I was experimenting with the Fortran pointer feature in OpenACC and got some confusing result. The issue can be demonstrated by the following piece of code:
! pointer_test.f90
program main
implicit none
integer it, na
real, allocatable, target :: w(:, :)
real, pointer :: wp(:, :)
real aa
na = 256
allocate(w(na, na))
!$acc enter data create(w)
do it = 1, 10
wp => w
!$acc data present(wp)
!$acc kernels
wp = 0.
!$acc end kernels
aa = 2. * it
!$acc kernels
wp = aa
!$acc end kernels
!$acc end data
enddo
do it = 1, 10
wp => w
!$acc kernels present(wp)
wp = 0.
!$acc end kernels
aa = 2. * it
!$acc kernels present(wp)
wp = 1.
!$acc end kernels
enddo
!$acc exit data delete(w)
end program
The loop is actually a time-stepping loop. I need to launch several kernels among each iteration, so I put these kernels into a structured data region (The first loop). According to this post https://forums.developer.nvidia.com/t/openacc-fortran-pointer-how-to-question/165949, I can access the device copy of “w”via pointer by adding the pointer “wp”to the present clause.

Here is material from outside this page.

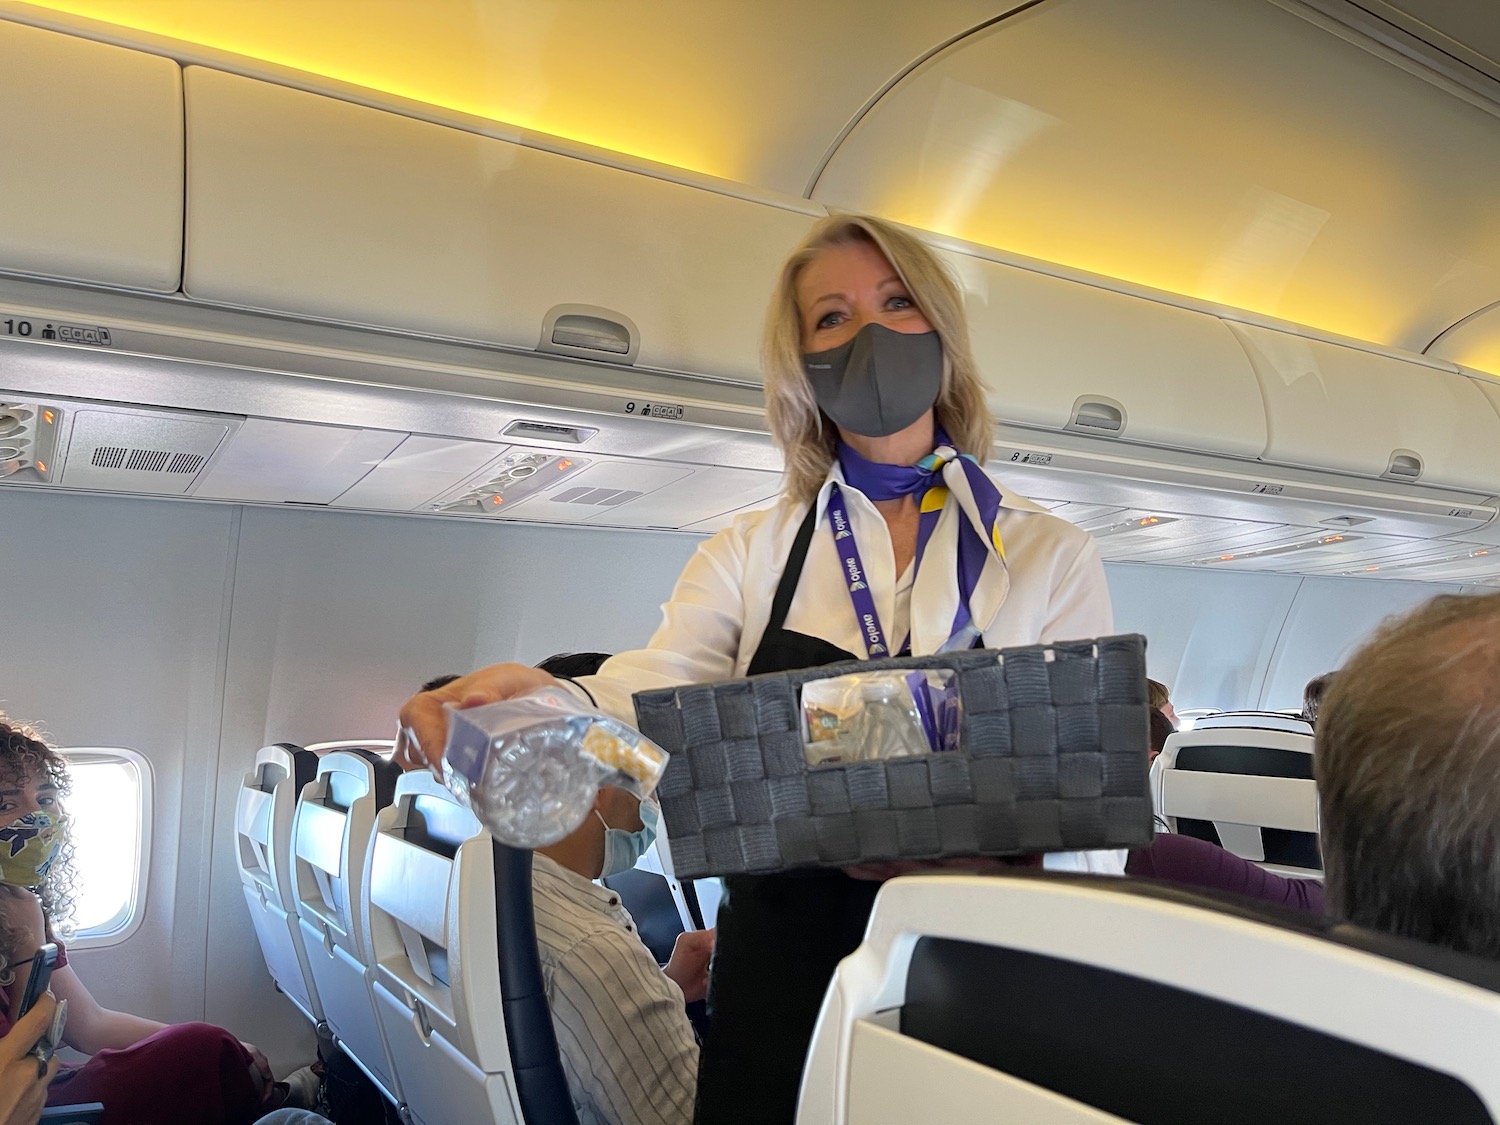 a woman wearing a face mask and holding a basket in an airplane
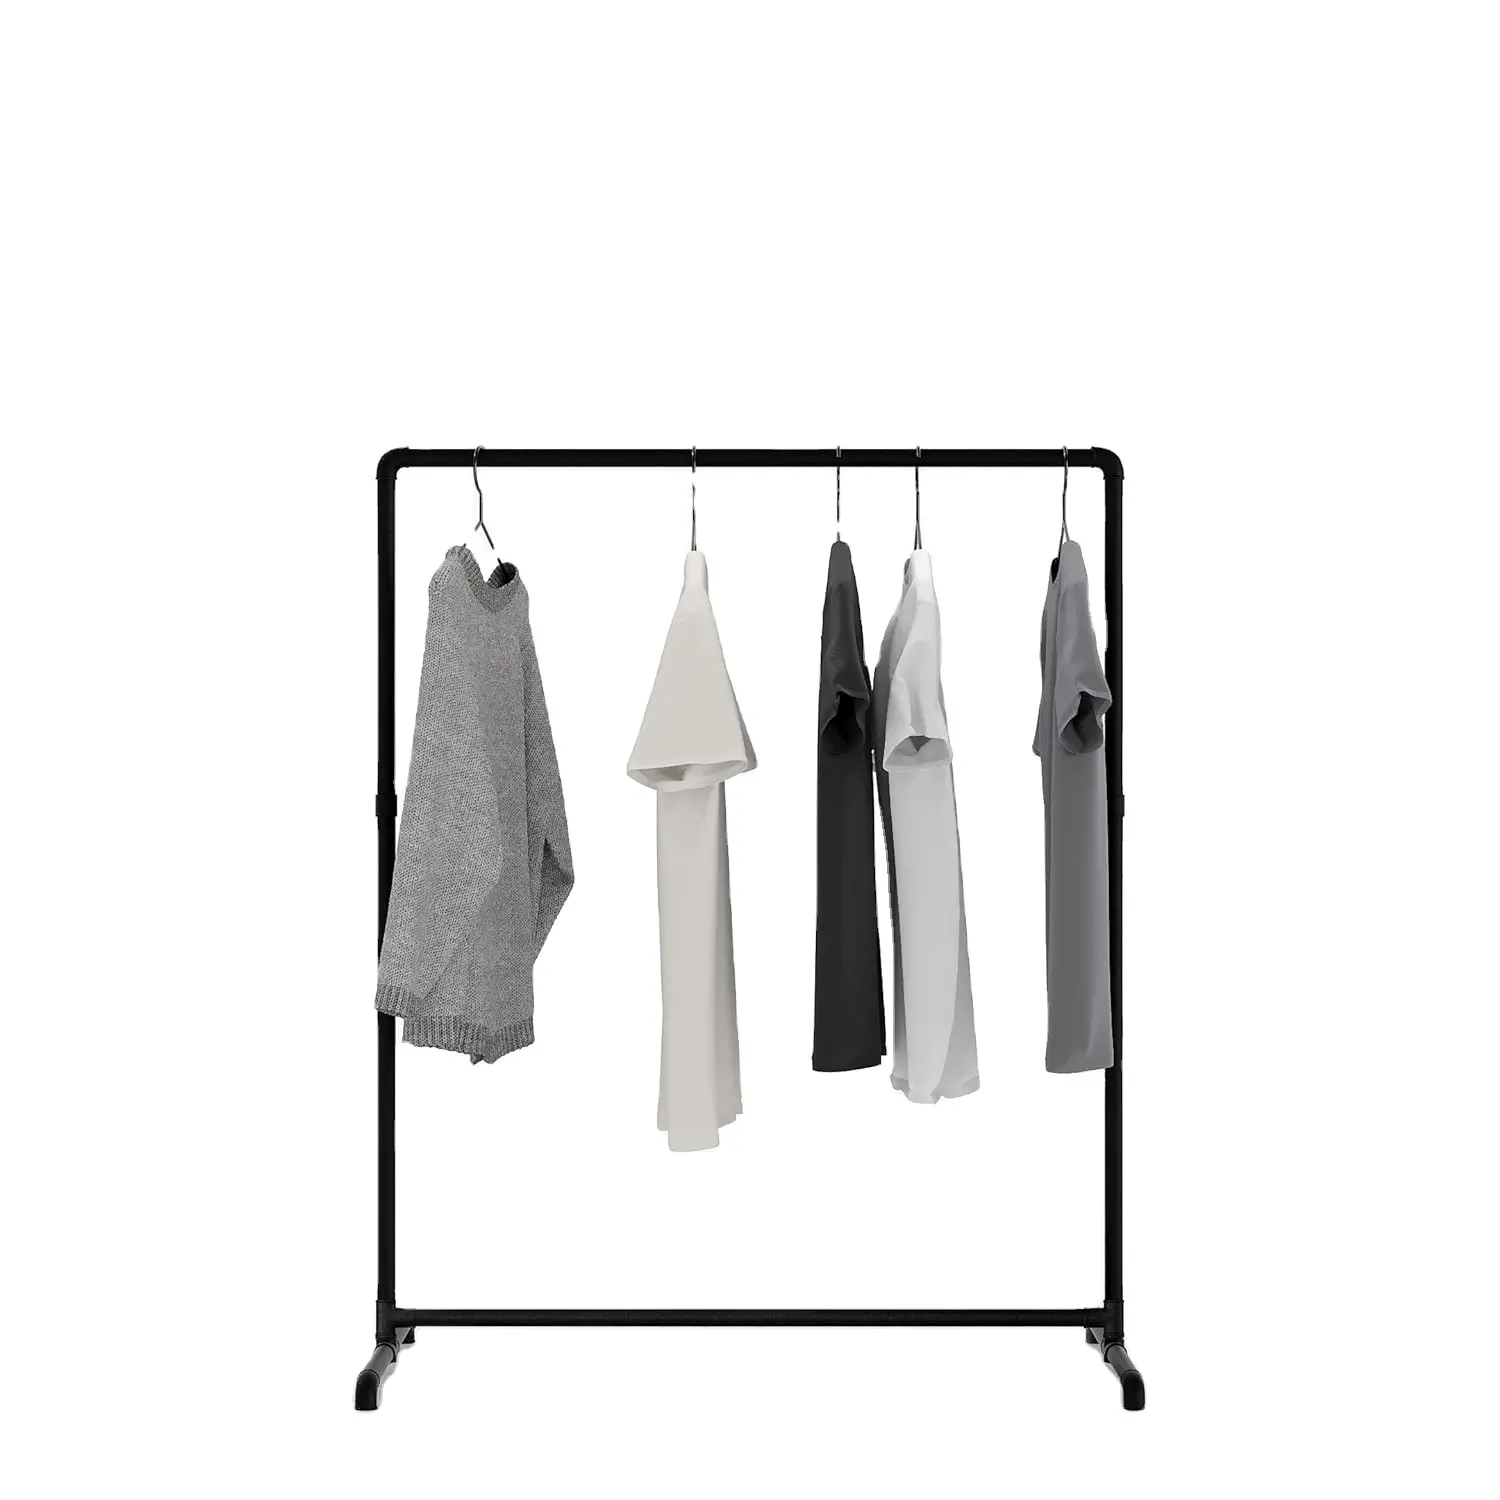 Industrial Design garment rack freestanding Coat Rack for Wardrobe Wall Clothes Rack Made of Sturdy Pipes from Water Pipes

I compile this program by:
nvfortran -acc -Minfo -r8 -O2 pointer_test.f90
The result is fine, but the profiling result shows that the data construct incurs some HtoD data movements at the beginning of every iteration, which causes some performance degradation. It looks like the pointer itself was kept copying from host to device.
One workaround is moving the present clause to the implicit data region of each kernel instead (The second loop). The profiling result shows no data movement anymore.
I am wondering what is the difference between the structured data construct and the implicit data construct in this situation? Do I miss something about the structured data construct?
My HPC SDK version is 21.3. Attached is the profiling result got by Nsight-sys-2021.1.1.66.
Best regards